The information processing program according to the present exemplary embodiment is a program executed by the CPU 101 to implement functions of functional units including a learning unit 110, an object area acquisition unit 111, a weighting area setting unit 112, a loss value calculation unit 113, a large error area acquisition unit 114, and a target detection unit 115. FIG. 1 illustrates the functional units implemented on the first memory 103 by the CPU 101 executing the information processing program according to the present exemplary embodiment, as the learning unit 110 to the target detection unit 115. Details of the learning unit 110 to the target detection unit 115 will be described below. Note that an area division unit 116 in the first memory 103 is a functional unit to be described below in a second exemplary embodiment and is a component not used in the first exemplary embodiment, but for simplification of the drawings, it is illustrated in FIG. 1.

The target detection unit 115 detects a specific detection target area from an image using a neural network 120. Details of target detection processing performed by the target detection unit 115 will be described below.

The learning unit 110 trains the neural network 120 to be used when the target detection unit 115 detects the detection target from the image, using training data. Details of training processing performed by the learning unit 110 will be described below.

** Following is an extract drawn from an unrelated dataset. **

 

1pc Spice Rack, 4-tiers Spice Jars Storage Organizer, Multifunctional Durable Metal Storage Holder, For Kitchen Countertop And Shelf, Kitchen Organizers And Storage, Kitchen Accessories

The object area acquisition unit 111 acquires an object area, including the detection target as a region, based on the training data in a case where the training of the neural network 120 is performed. Details of object area acquisition processing performed by the object area acquisition unit 111 at the time of training the neural network 120 will be described below.

The weighting area setting unit 112 sets a weighting area for an erroneous detection at the time of training the neural network 120 based on the object area acquired by the object area acquisition unit 111 at the time of training the neural network 120, i.e., based on the object area including the detection target as a region. Details of weighting area setting processing performed by the weighting area setting unit 112 at the time of training the neural network 120 will be described below.

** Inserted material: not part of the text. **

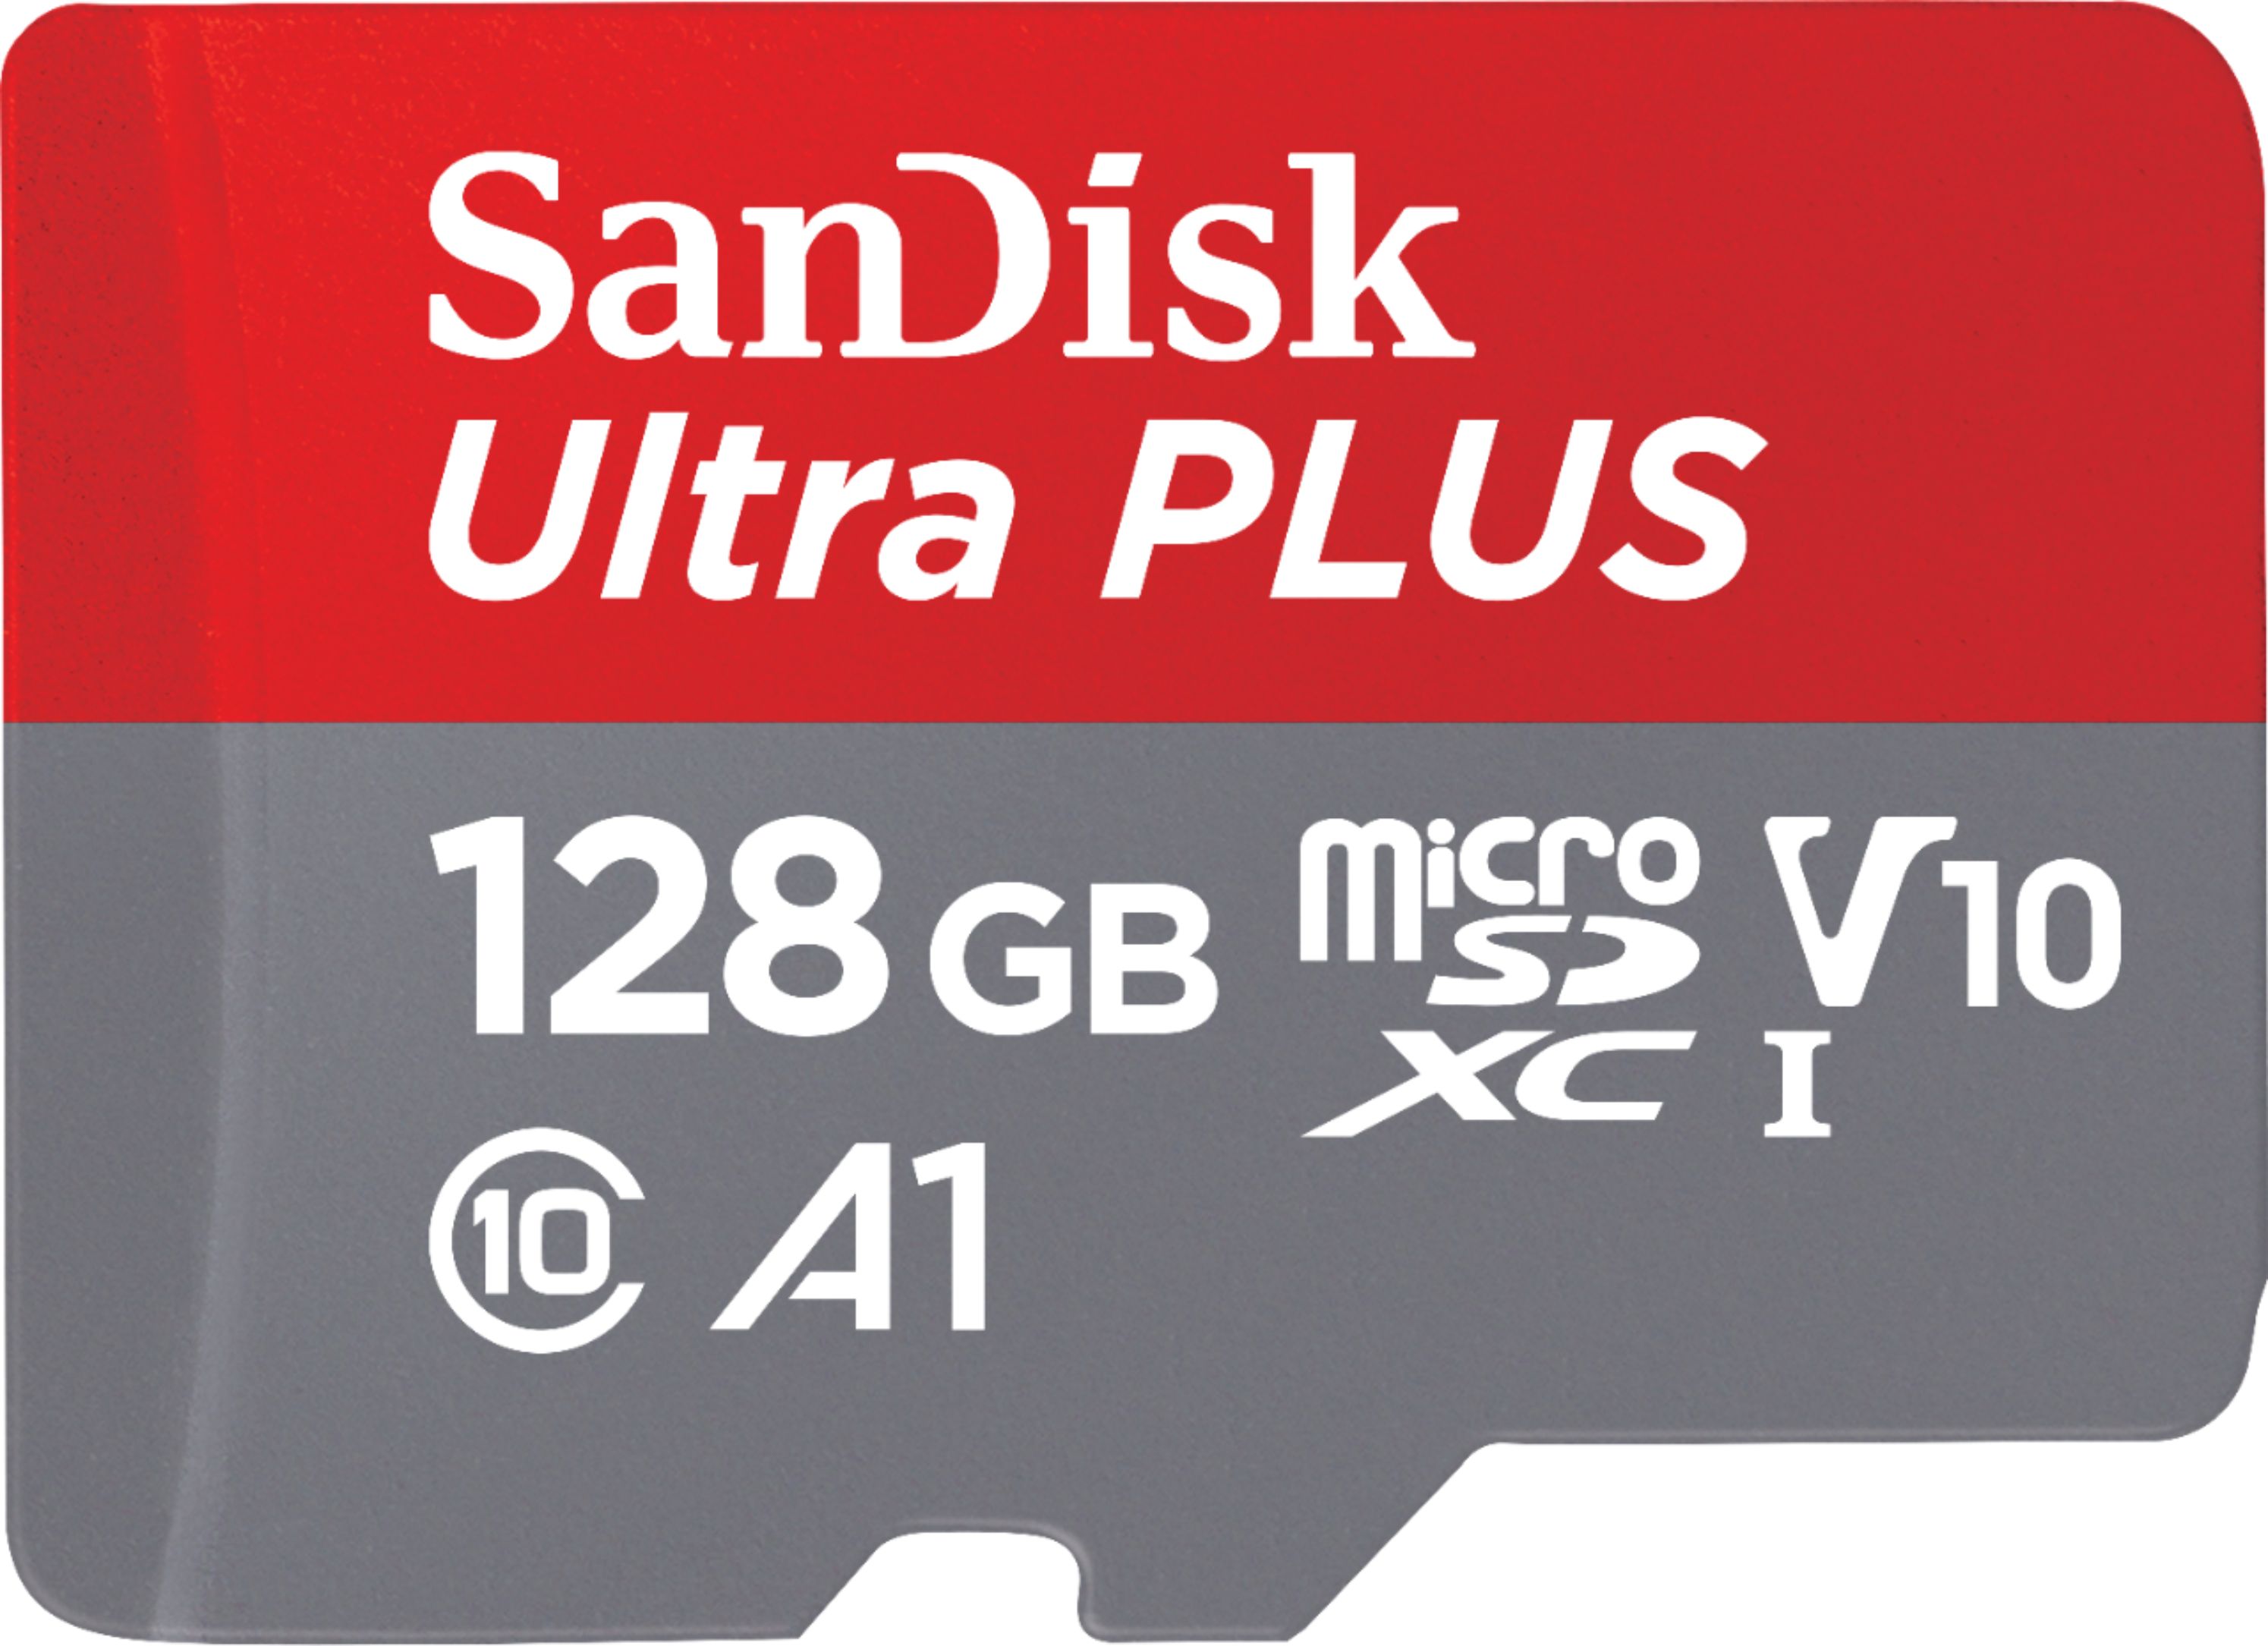 SanDisk - Ultra Plus 128GB microSDXC UHS-I Memory Card

The large error area acquisition unit 114 acquires, as a large error area, an area with a strength of an erroneous detection larger than a predetermined threshold value in the weighting area set by the weighting area setting unit 112 at the time of training the neural network 120. Details of large error area acquisition processing performed by the large error area acquisition unit 114 at the time of training the neural network 120 will be described below.

In a case where the training of the neural network 120 is performed, the loss value calculation unit 113 calculates a loss value based on an error (difference) between (i) the detection result of the target detection unit 115 with regard to the training data and (ii) the training data. Details of loss value acquisition processing performed by the loss value calculation unit 113 at the time of training the neural network 120 will be described below.

The neural network 120, training data 121, an input image 122, correct answer information 123, a correct answer map 124, an inference map 125, an error map 126, an object area map 127, a weighting area map 128, a large error area map 129, a first weight 130, a second weight 131, a third weight 132, an error threshold value 133, a loss value 134, and a detection result 135 in the second memory 104 are various kinds of data used when the information processing program is executed.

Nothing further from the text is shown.